March 29th, 2005 by Chandler Howell

In the current Alarmed column at CSO Magazine, Scott Berinato accuses the Information Security profession of failing to protect Corporate Management from themselves, calling it our “Waterloo” and, “the overwhelming defeat of security.”

Companies not only have failed to secure personal data, they can’t secure personal data. The range of technologies available today is in fact incapable of producing an acceptable level of security. The IT infrastructure that business runs on is so flawed, technically and socially, that nothing, no number of security products, can be slapped on post facto to secure personal data.

I agree with him here. It was an “overwhelming defeat of security.” But if he wants to pick a battle, I am still hopeful that it will turn out to be Security’s Battle of Dunkirk.

Information Security has indeed suffered a grave defeat. Our methods and tools are not able to evolve as quickly as the threats. The potential impact of an incident keeps growing. New worms like Witty are giving us a taste of how lucky we have been to date just as old worms like Code Red continue to remind us every month how hard it is to kill these things off once and for all.

Yes, these are dark days for Information Security. It seems like every time we turn around, we read about another major privacy incident. At the same time as our traditional perimeters are eroding we are under siege from malware, crackers, worms, spyware, spam, spim, social engineering and more. Longstanding Best Practices for securing infrastructure no longer hold true.

Internally, we are expected to produce ROI justification for security-related initiatives, effectively asking us to Prove a Negative (hint for those who never took logic: You can’t). Security’s involvement in the IT process has been pushed back to a “Security Review” which consists of nothing more than running an Operating System vulnerability scanner against the servers a day or two prior to Go-Live.
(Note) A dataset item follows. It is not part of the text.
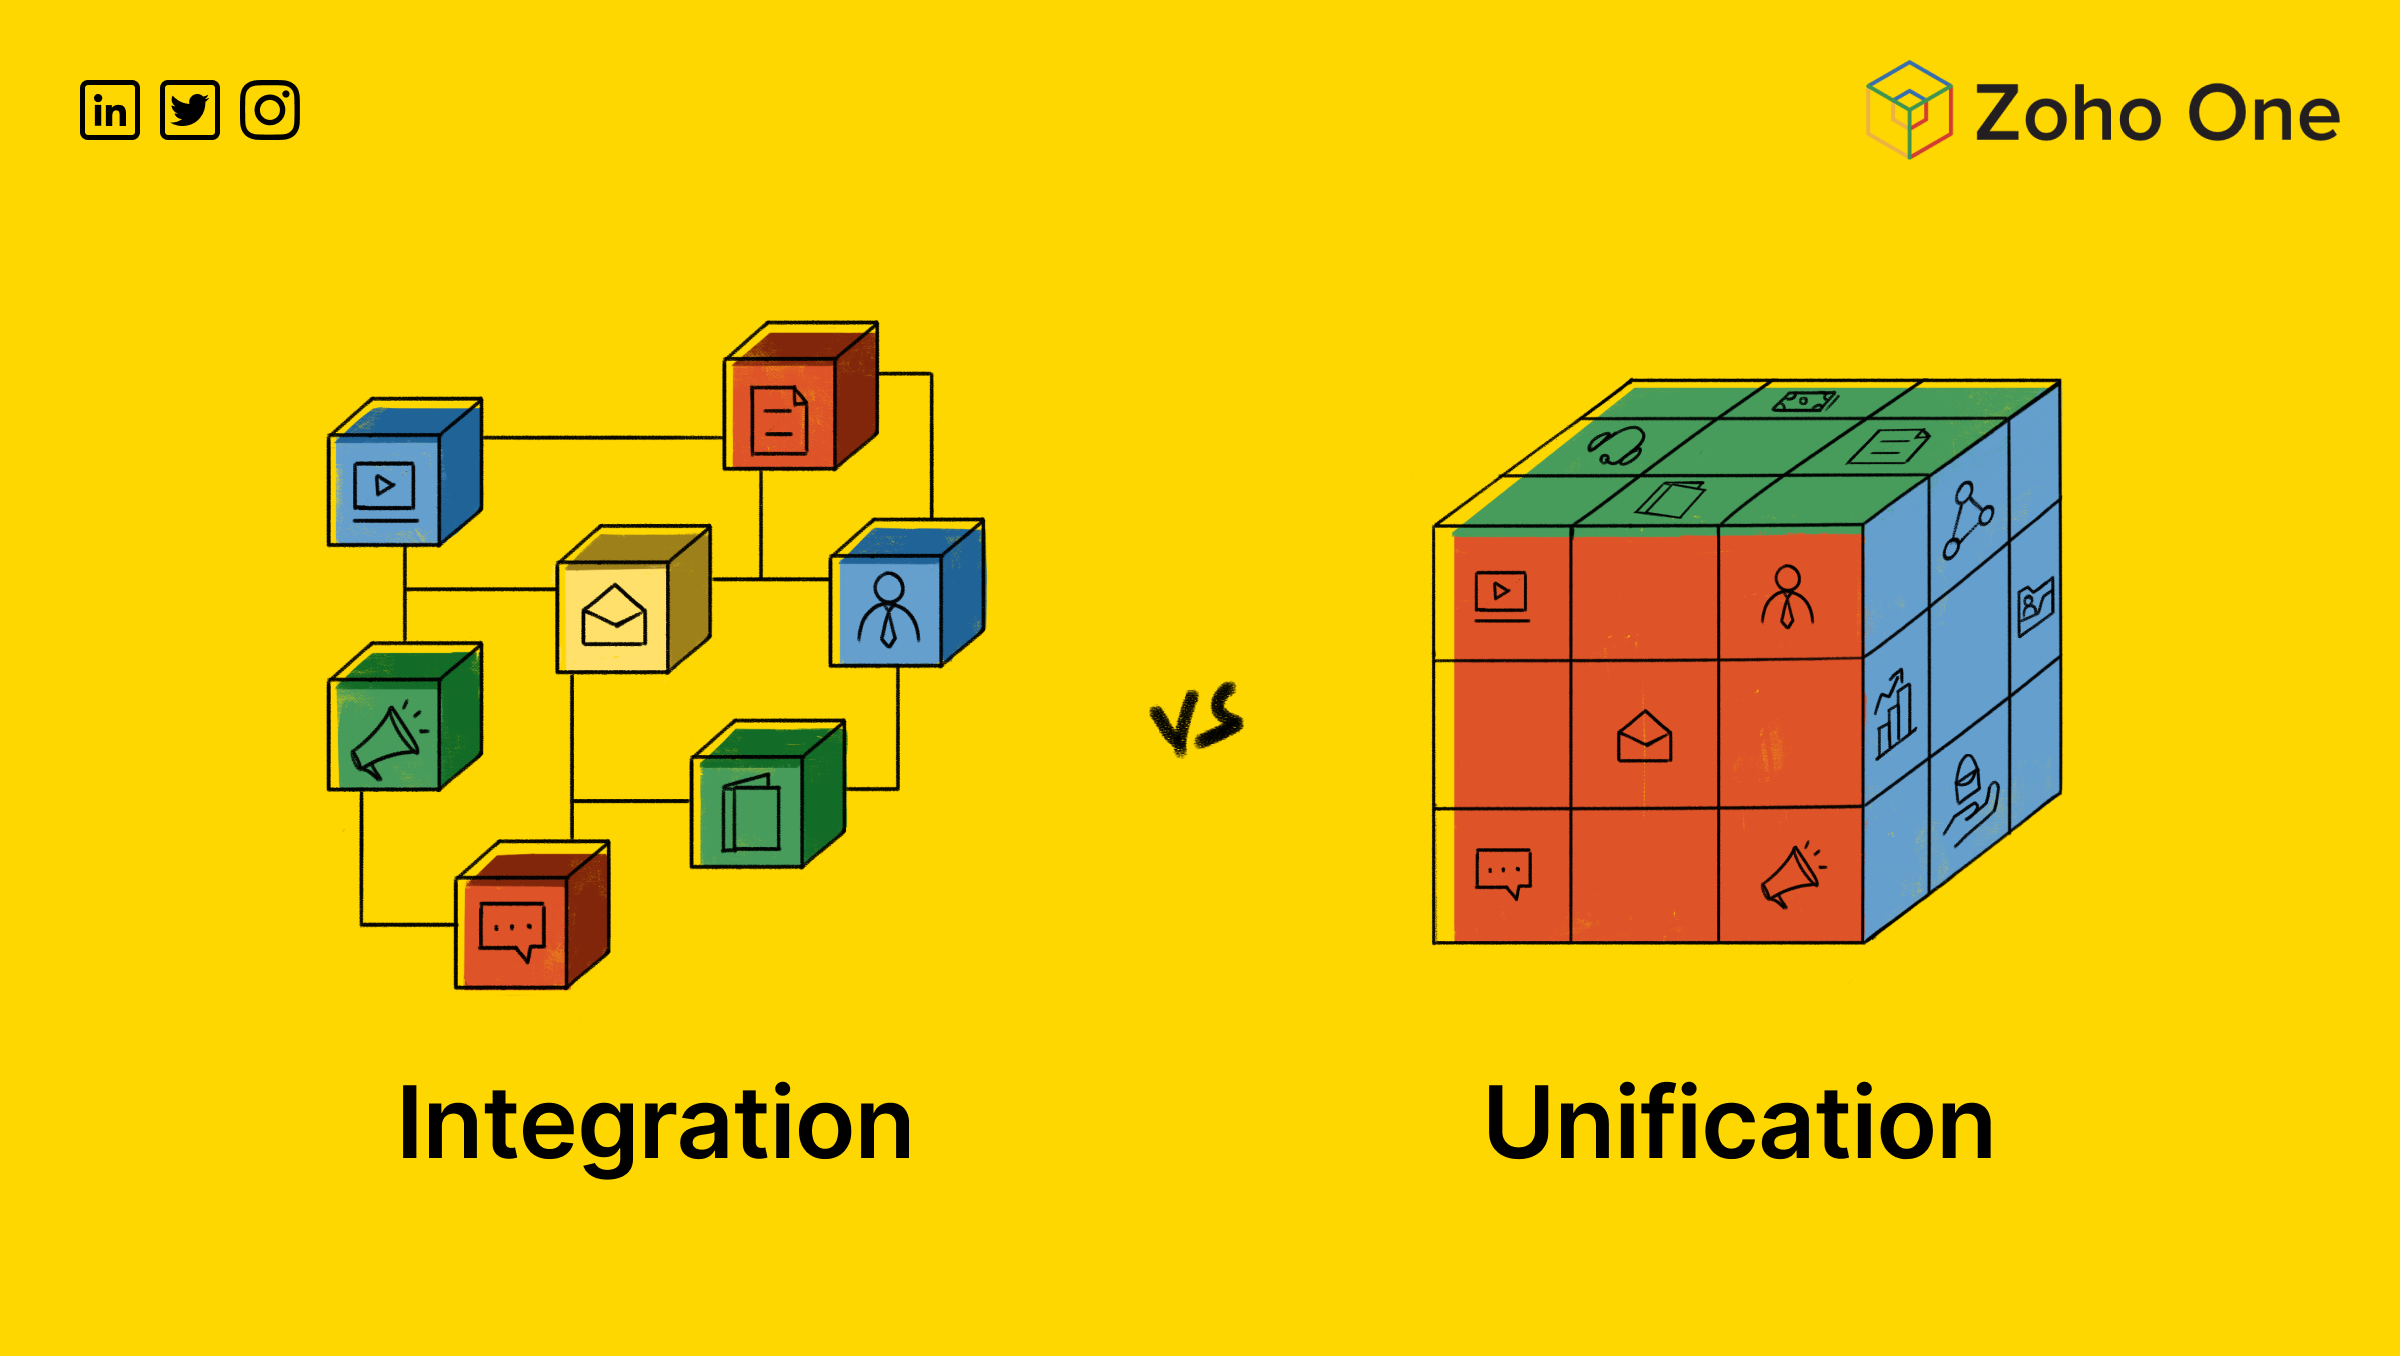 Building an interconnected ecosystem: Unification vs. Integration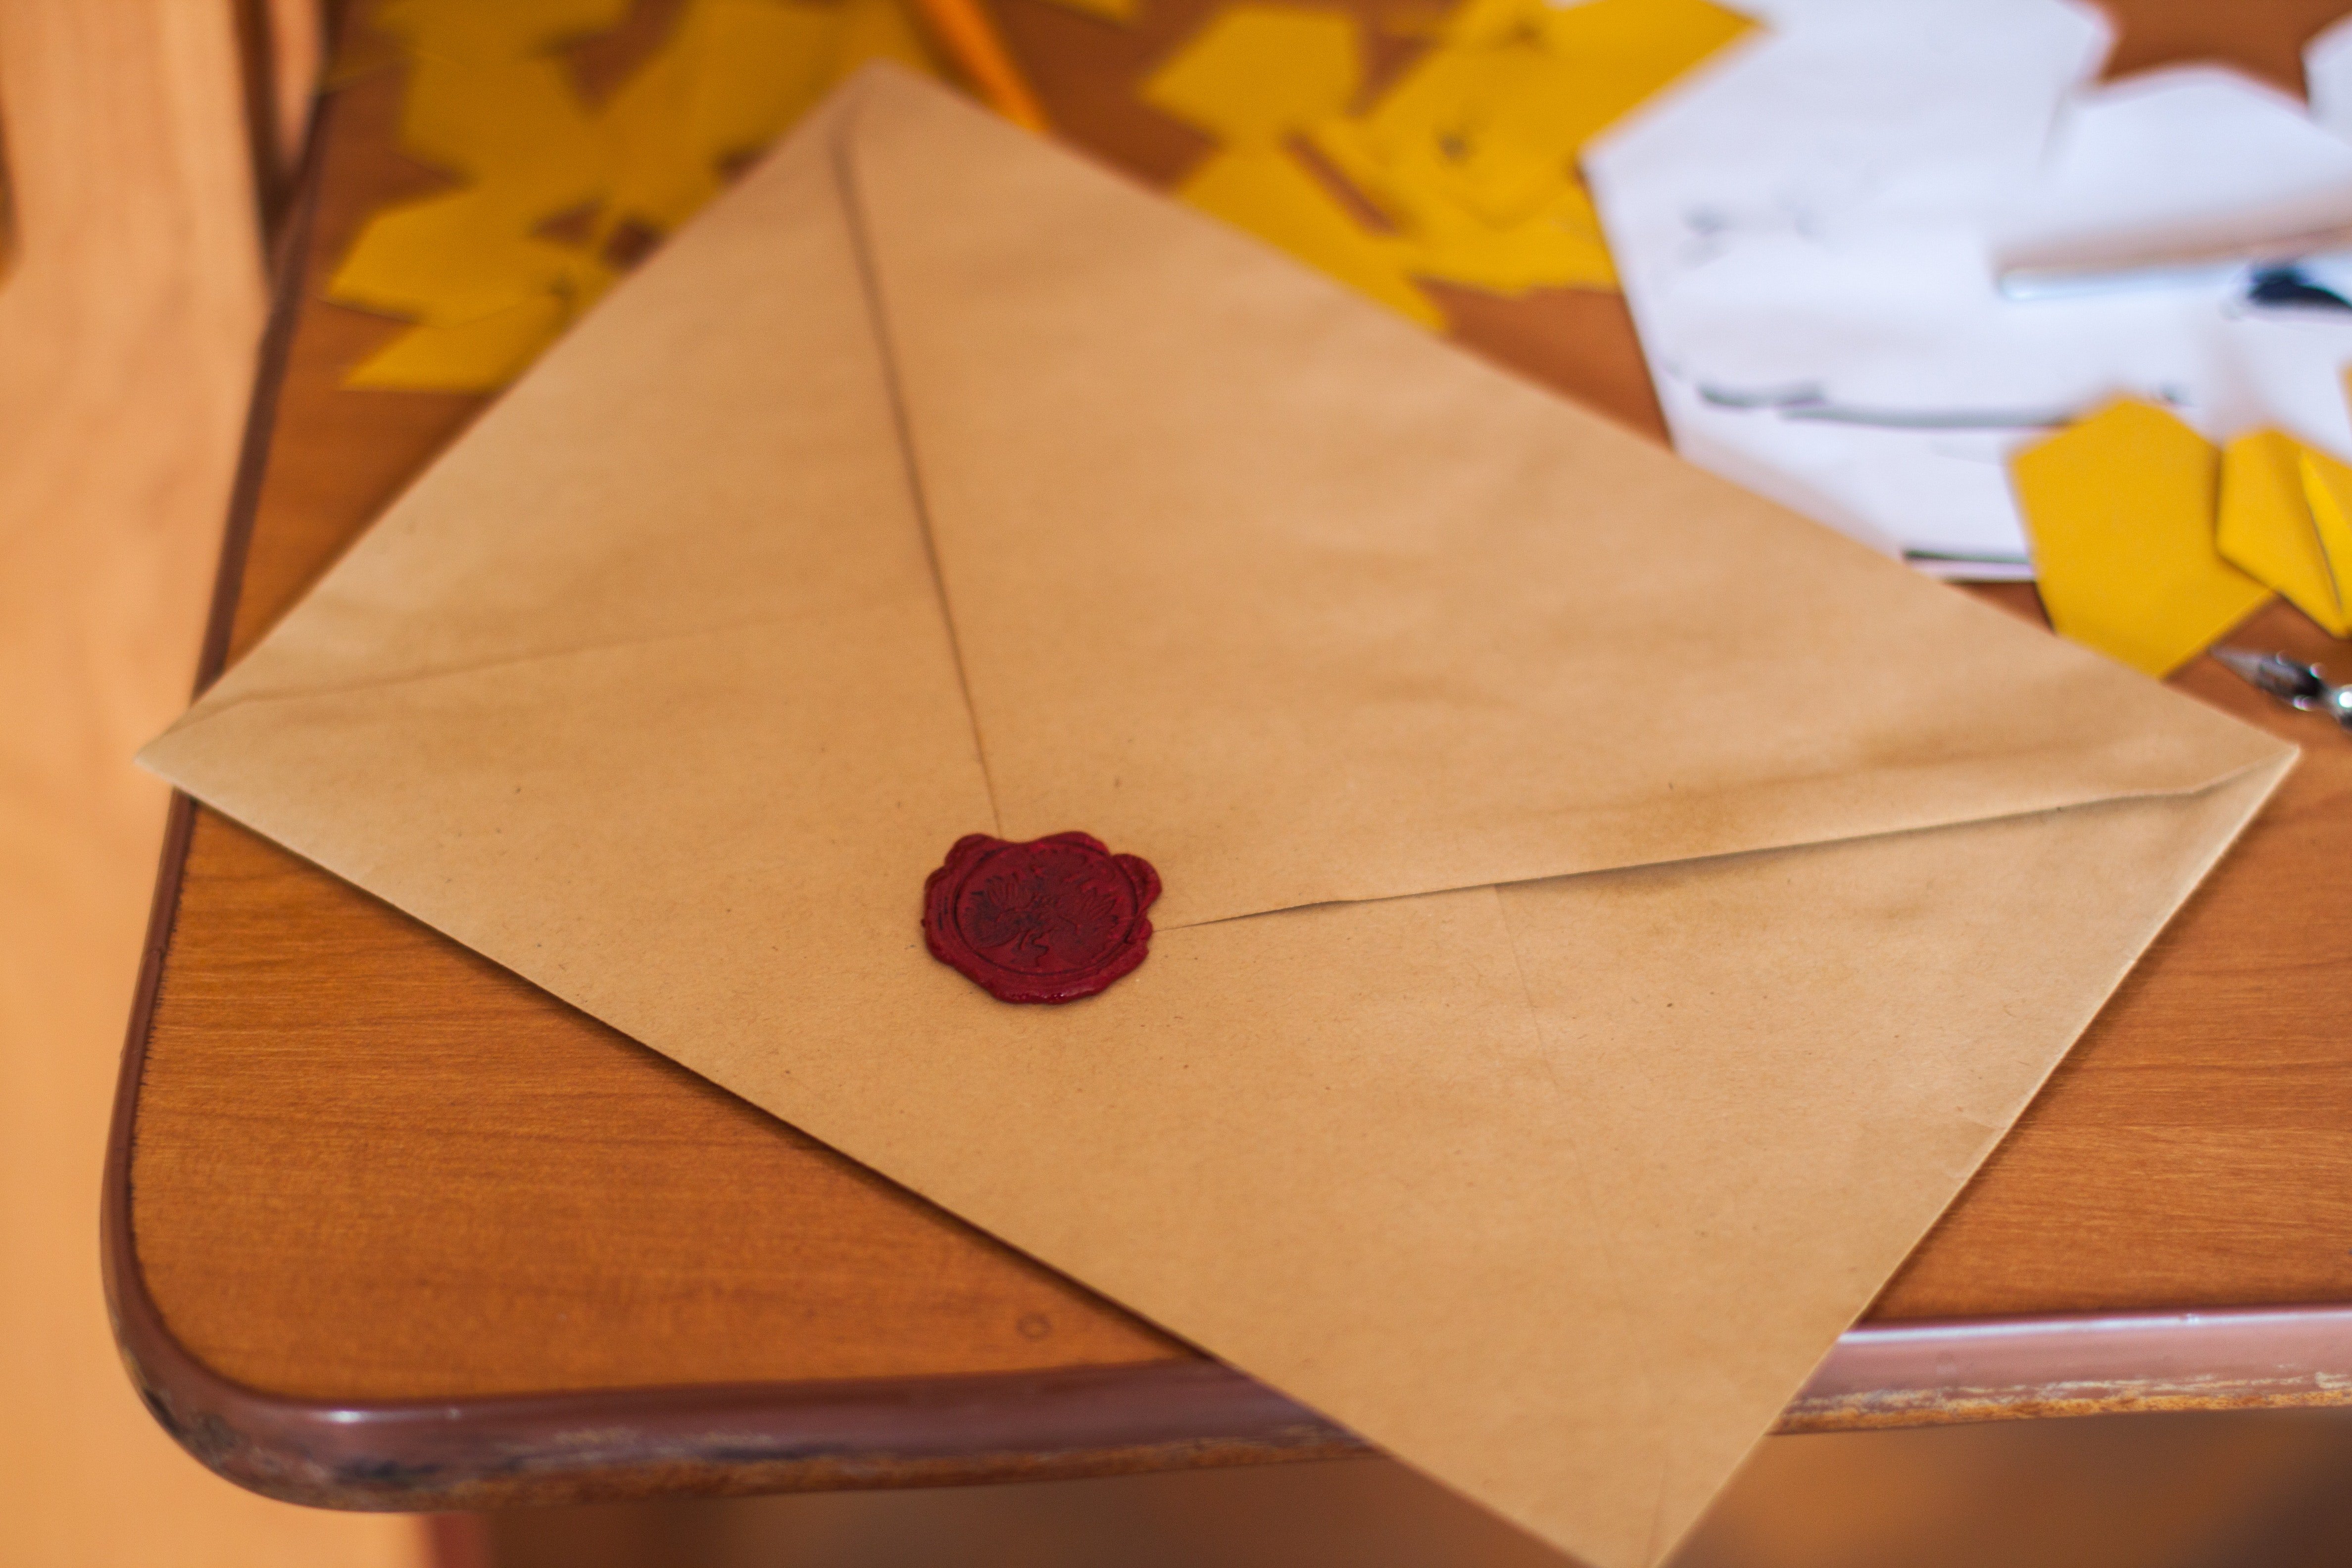 Peter opened the envelope when he was 16. | Source: Pexels

Across the board, the risk and security practitioners I talk to feel like they’re being asked to do more with less, often with the result that they feel their company has assumed avoidable risks either unnecessarily or accidentally because Management was unwilling to (ironically) risk the possibility that proper Risk Management practices would drive up costs or reduce revenue from an initiative.

Look back to the article for a good example:

ChoicePoint’s spokesperson for this incident was its CMO. A brazen choice, a cynical semaphore that said to customers and shareholders and everyone else, “We’re going to spin this.”

Reprehensible, perhaps, but it makes sense. It’s just the logical extension of marketing’s dominance over IT in the first place. Long ago, in an era called the dotcom boom, marketing finally neutered information security. Vendors promised “solutions” to Kool-Aid-drinking marketing veeps. Those veeps in turn promised to alchemize revenue out of consumers’ private information. Go, said the CEO. Buy these technologies, collect this data and we shall dominate and our stock prices will soar.

We may have been pushed off the continent but we’re still in the fight. We’ve got new weapons and allies in the fight thanks to Sarbanes-Oxley (For financial processes and systems) and SB1386, GLB and HIPPA (for disclosure of privacy breaches, credit card handling, and medical privacy). CFO’s are a lot less willing to ignore (assume) risk now that their freedom could be on the line if they sign off on inaccurate financial statements.

Even the threats are starting to help us out. When its significance is properly explained (rapid spread+highly destructive nature+nature of systems impacted), the Witty worm makes a very powerful example of the importance of proactively managing the risk associated with patching and worms. Intrusion Prevention and Anti-virus systems don’t do much good if the vulnerable system has been trashed hours before the signatures come out. In this context, reactive mitigation technologies are a lot less reassuring.

Sure, Information Security is taking the blame for the loss. We have historically done a poor job of Managing Risk because it’s been more about making lists and doing math, whereas “Security” mostly involved Playing With Toys.

We have been played for fools by our own Management. They told us we should “manage the risk” and we agreed to it. We were so happy risk was being managed at all that we forgot to consider whether or not it was our job to do it. Then, when Management overruled us, we were still left holding the bag.

But we’re wiser now. We understand that there’s a lot more to Information Security than technology. We’ve got new laws on our side, new methodologies for assessing risk, and we’ve learned a lot about how to Play The Game.

We’re regrouping and when we hit the beaches, I hope it will be our finest hour.

- Posted in Security and Risk Management, Risk Management, Network Security, New Rules of Information Security, Privacy

You can follow any responses to this entry through the RSS 2.0 feed. You can leave a response, or trackback from your own site.




Axel Says:

While I haven’t read the column yet, your quotes seem to show that he’s believing in security by technology… As the saying goes: “If you think technology can solve your problems you don’t understand technology and you don’t understand your problems.”